‘Almost everyone’ in a photo of Southwest’s emergency landing wore their oxygen masks ‘wrong,’ says a former flight attendant
DAVE MOSHER APR 18, 2018, 10.57 PM
NTSB/AP National Transportation Safety Board officials inspect the damage to an engine of Southwest Airlines Flight 1380.
- A Southwest Airlines airplane suffered a major engine failure during a flight on Tuesday.
- Engine shrapnel pierced the airplane’s fuselage, blew out a window, caused the airplane to lose cabin pressure, and left one passenger dead.
- Some passengers wore their oxygen masks incorrectly during the emergency landing, according to a former flight attendant.
- Not breathing enough oxygen at high altitude can lead to loss of consciousness and hinder evacuation procedures.
Southwest Airlines Flight 1380 suffered a major engine failure on Tuesday, forcing its pilot to make an emergency landing.
Shrapnel reportedly pierced the airplane’s fuselage, blew out a window, and caused the cabin of the airplane to depressurize. The incident left one passenger dead. Tammie Jo Shults, the pilot of the flight (who used to fly US Navy fighter jets), guided the Dallas-bound airplane to a safe landing in Philadelphia.

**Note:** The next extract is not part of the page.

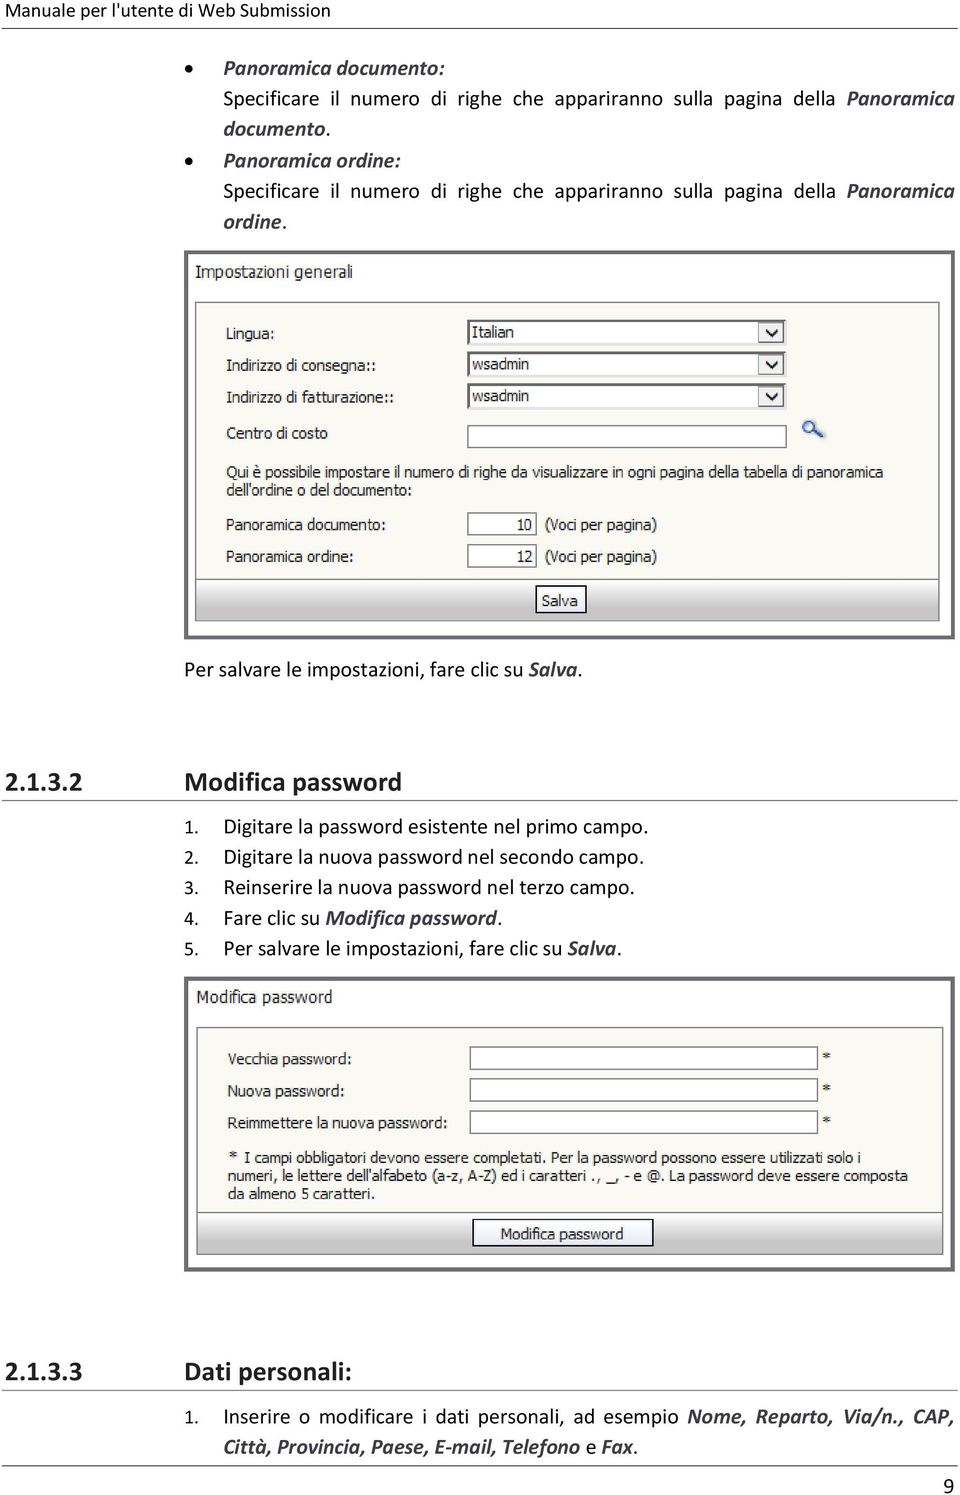 2 Modifica password 1. Digitare la password esistente nel primo campo. 2. Digitare la nuova password nel secondo campo. 3. Reinserire la nuova password nel terzo campo. 4.

Oxygen masks dropped from the cabin ceiling during the incident, according to a public Facebook postshared by Marty Martinez, a passenger on the flight.
Bobby Laurie, a former flight attendant and TV show host, shared one of Martinez’s photos on Twitteralong with a public service announcement reminding people to cover both their noses and mouths with oxygen masks during an emergency.
“PEOPLE: Listen to your flight attendants!” Laurie said. “ALMOST EVERYONE in this photo from @SouthwestAir #SWA1380 today is wearing their mask WRONG.”
Why you need oxygen if an aircraft cabin loses pressure
Flying at high altitudes with a hole in an airplane is, to put it lightly, dangerous. At altitudes above 15,000 feet, people struggle to breathe and keep enough oxygen in their blood. They can lose consciousness within minutes – a condition called hypoxia.
Symptoms of hypoxia include “nausea, apprehension, tunnel vision, headaches, fatigue, dizziness, blurred vision, tingling sensations, numbness, and mental confusion,” according to the Aircraft Owners and Pilots Association.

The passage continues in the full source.